Mohadi put on a brave front and mingled with colleagues at the ruling party’s politburo meeting in Harare on Wednesday, days after his shock departure over salacious phone conversations leaked to ZimLive in which he was heard arranging sex with a slew of women, some of them married.

Zanu PF spokesman Simon Khaya Moyo told journalists that the politburo had “received” and “accepted” the sex-crazed former vice president’s “unexpected” resignation, but added that his party deployment would not be affected.

“The resignation by the former vice president from government will not affect Cde Mohadi’s position in the party. He will remain the second secretary and vice president of the party,” Moyo said.

It remains unclear how this would hold if a second State vice president – who would naturally take up Mohadi’s position in Zanu PF – is appointed.

President Emmerson Mnangagwa thanked and praised Mohadi for his service, telling the politburo that he had not expected him to step down despite the damaging leaks.

“We convene today following the resignation of Col (Rtd) Cde KCD Mohadi from the post of vice president of the Republic of Zimbabwe. His resignation from the governance architecture of the Republic was unexpected,” Mnangagwa said.

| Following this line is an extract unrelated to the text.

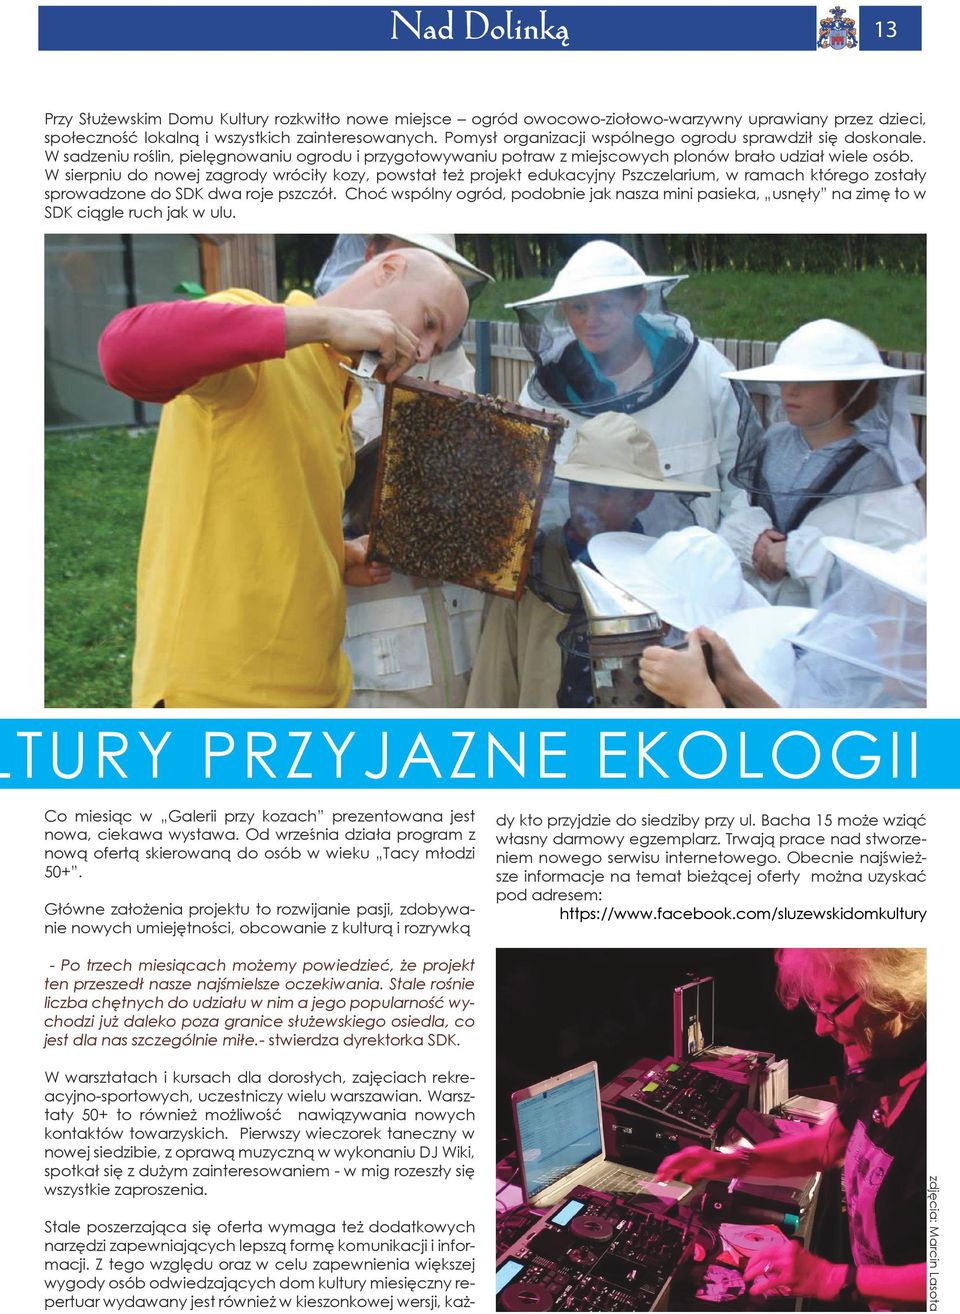 W sierpniu do nowej zagrody wróciły kozy, powstał też projekt edukacyjny Pszczelarium, w ramach którego zostały sprowadzone do SDK dwa roje pszczół.

“On behalf of the government, the party Zanu PF and indeed on my own behalf, I would like to thank the former vice president for his service to our country. I commend him for the role he played under the second republic in advancing our government’s national development agenda as enunciated in Vision 2030 and National Development Strategy 1.”

Announcing his resignation, Mohadi, who assumed the vice presidency following the 2017 coup that toppled the late Robert Mugabe, maintained his innocence saying his phone had been hacked and his voice cloned by enemies propagating “falsehoods and character assassination” in “digital ecosystems.”